Use the native Stack navigator header instead of reimplementing it. Every single route in the app has headerShown: false. Instead, a custom layout component (~400 lines) reimplements the header, back button, blur effects, scroll behaviour, background images, gradients, footer with up to three buttons, safe area insets, font scaling, and theming. It’s used in almost all the app’s screens.
This means the app loses native back swipe gestures, native transitions, and accessibility features that come for free with the Stack navigator header. We had to do extra work to implement these features manually. It also means one monolithic component owns everything about a screen’s layout. If you need to change how the footer works, you’re editing the same file that handles scroll behaviour and header blur. The right approach would have been: use the native header for navigation, compose smaller layout primitives for content areas, and let each concern be independently testable and replaceable.
Centralise forms from the start. The app had an internal form library plus a separate set of form components in components/forms/. We wrote an ADR adopting React Hook Form, but the migration only reached 5 files before other priorities took over. The result is two form systems coexisting, which is worse than committing to either one.

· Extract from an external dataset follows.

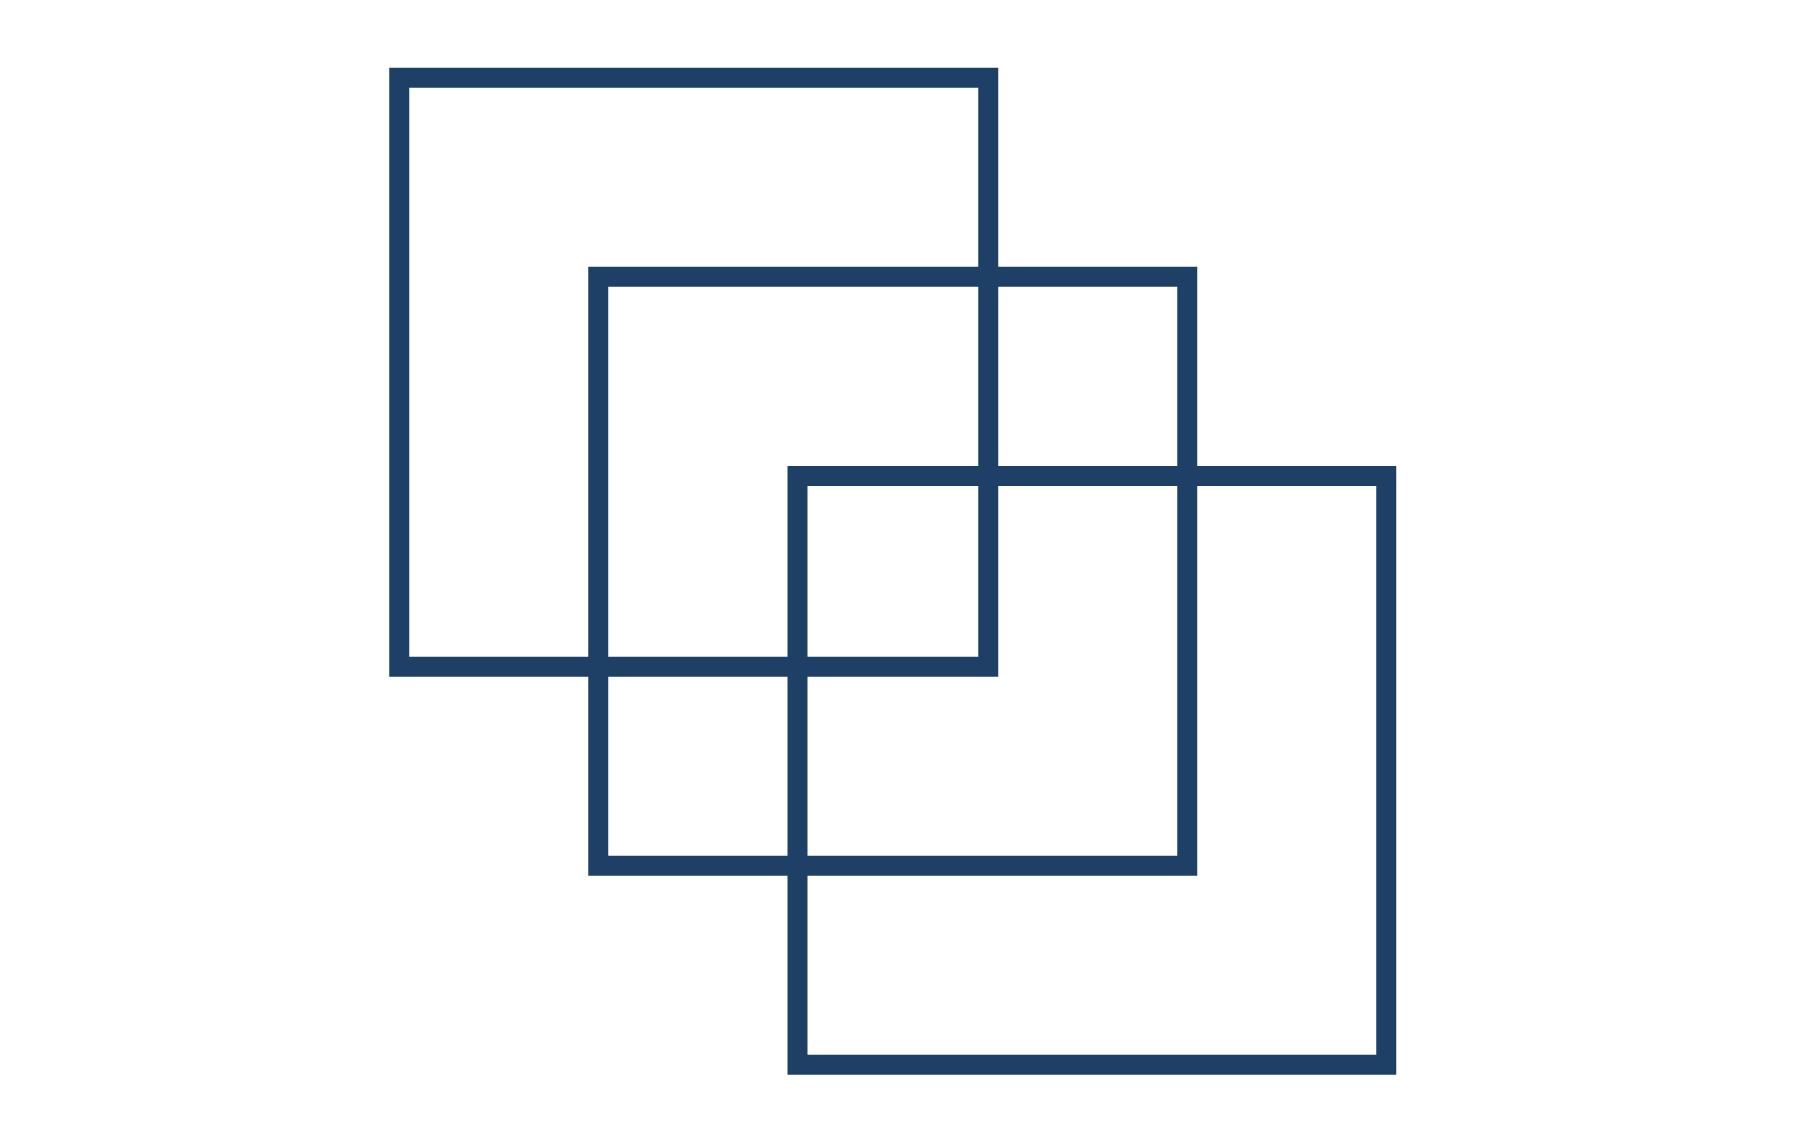 три пересекающихся квадрата — условия головоломки Льюиса Кэрролла
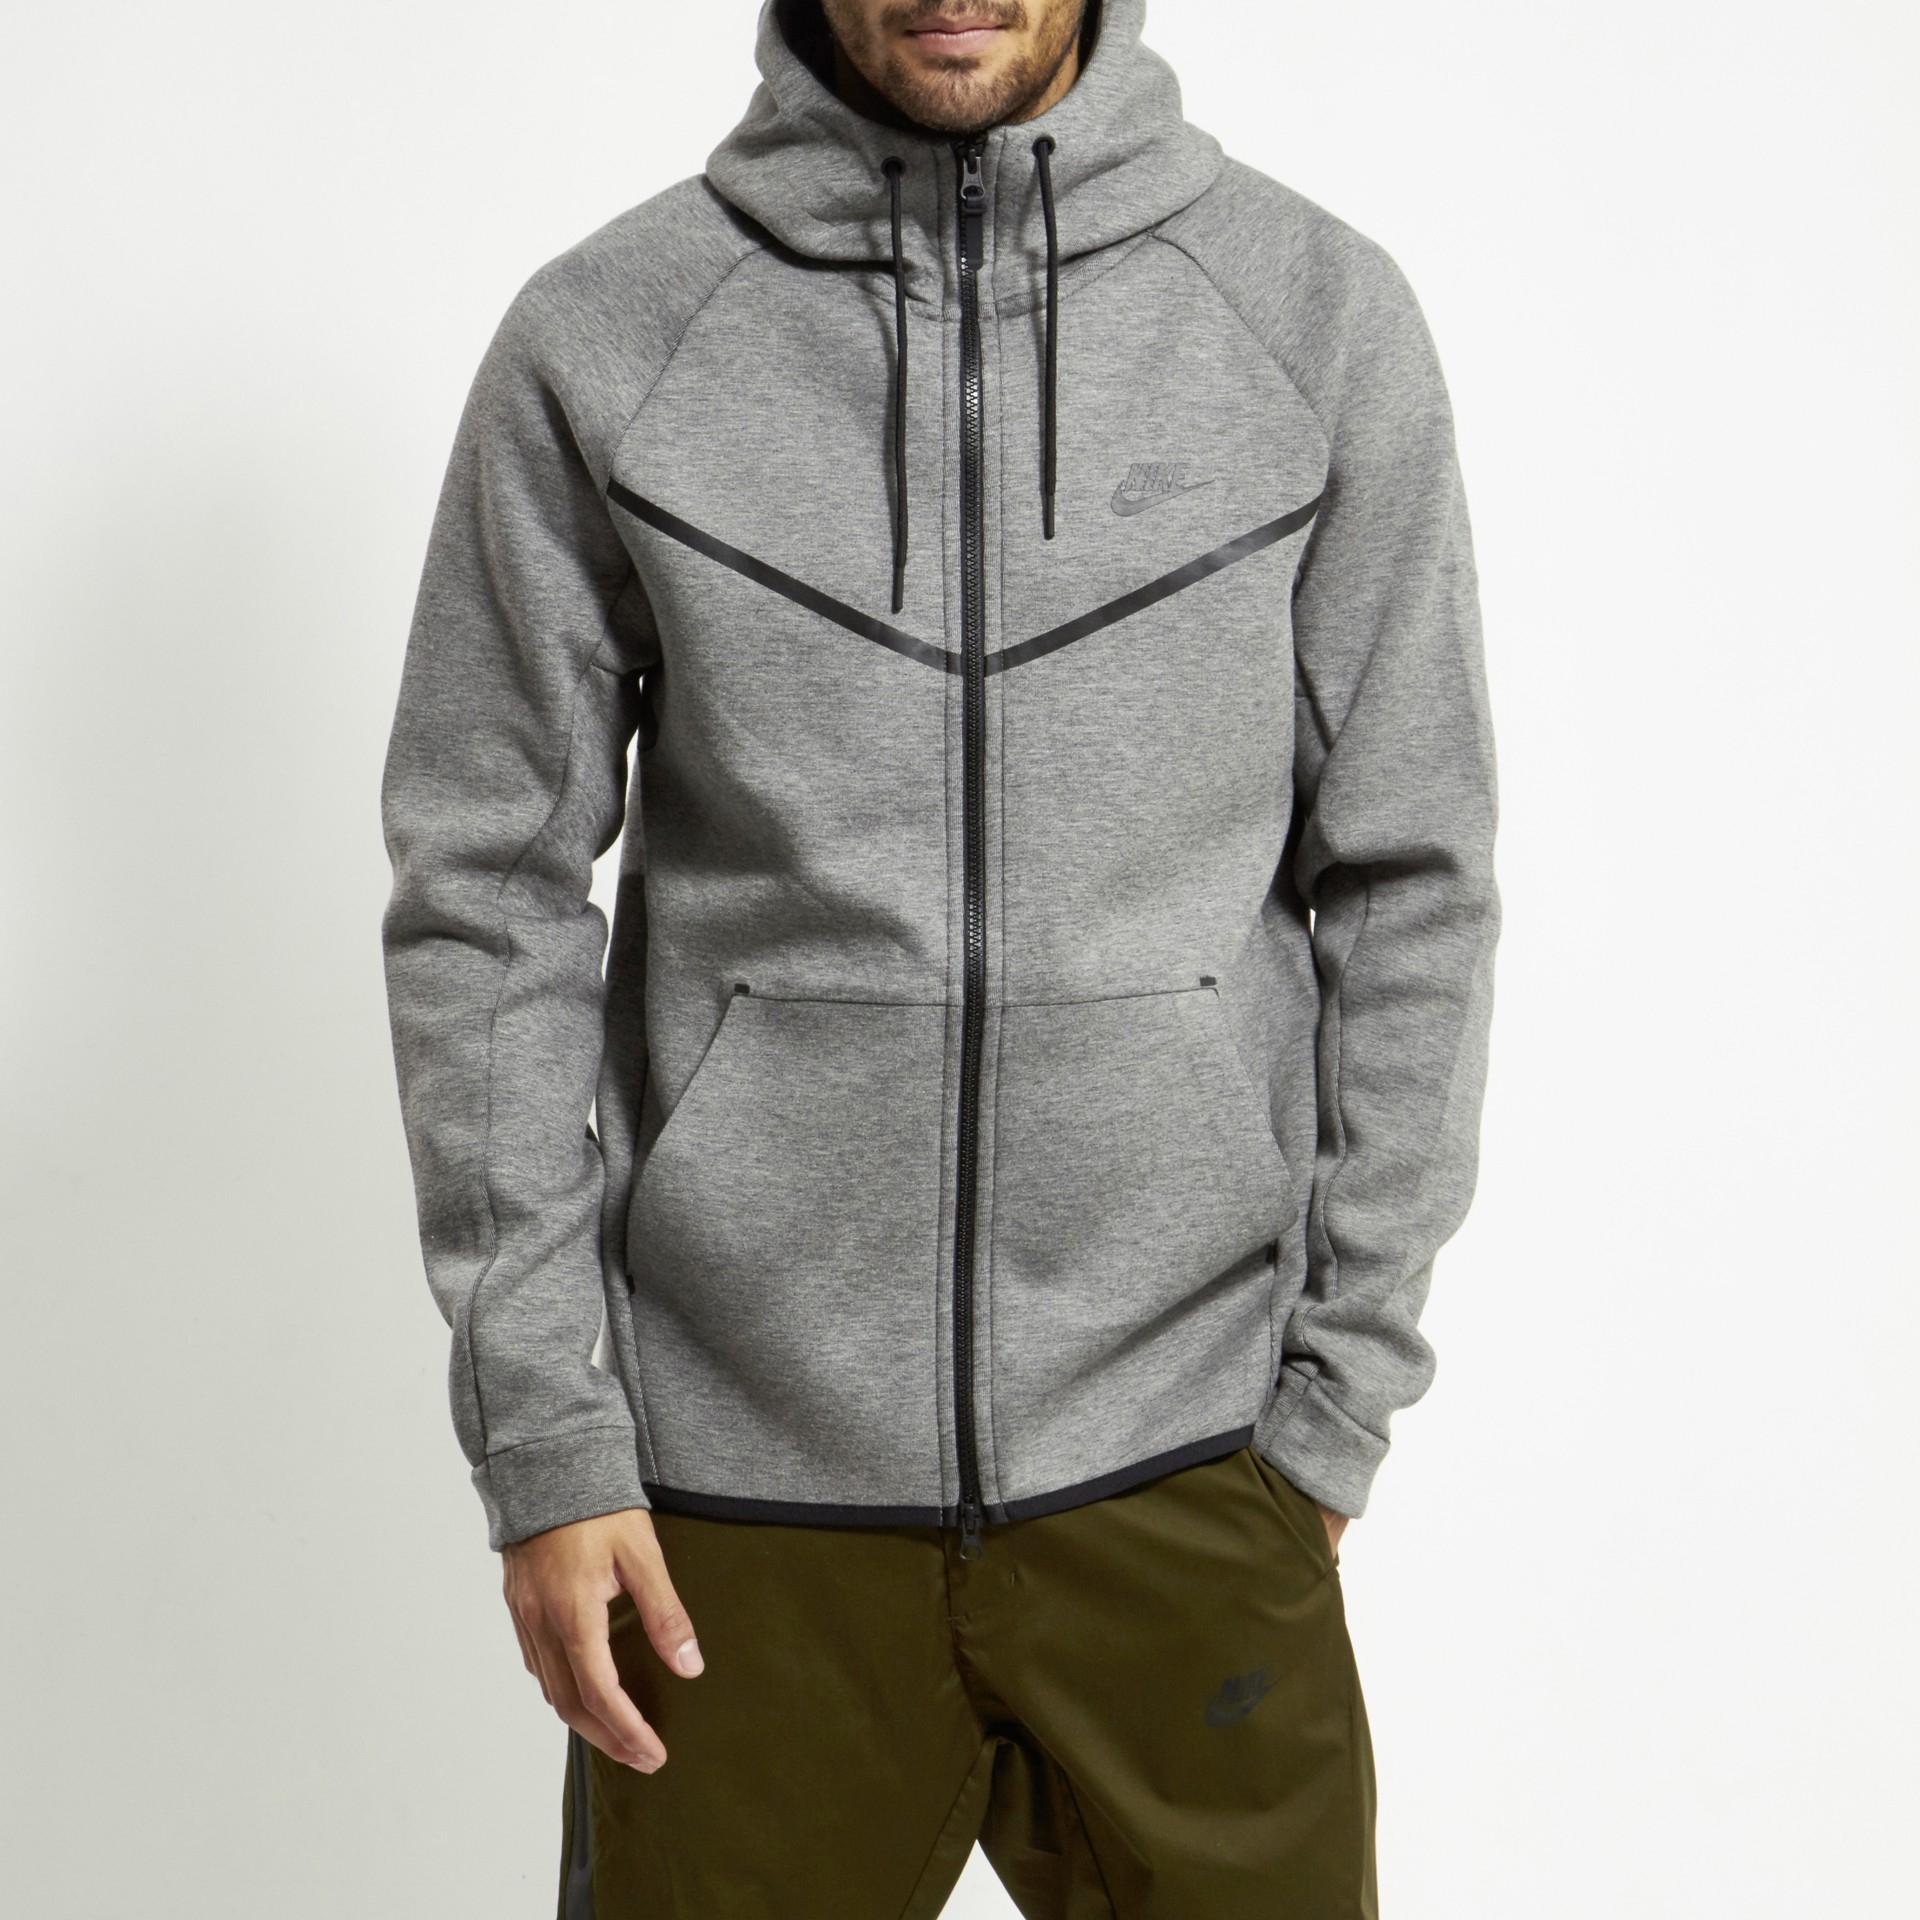 Veste Homme Hoodie Nike Tech Fleece Windrunner

The lesson: when you join a project and see an abstraction that’s going to cause pain, push for the change early. The cost of migration only goes up with time, and “we’ll get to it later” usually means “it’ll be someone else’s problem”.
What I Learned
A few things that stuck with me:
Document decisions, not just code. ADRs were the single most impactful thing I introduced. Not because the decisions themselves were exceptional, but because writing them down forced clarity, prevented repeated debates, and gave new team members a way to understand why things were the way they were.
Simple beats clever. The XState-to-Zustand migration removed 80% of the code. The offline mutation queue is under 200 lines. The Storybook integration is a one-line route file. The best solutions I shipped were the ones that felt almost too simple.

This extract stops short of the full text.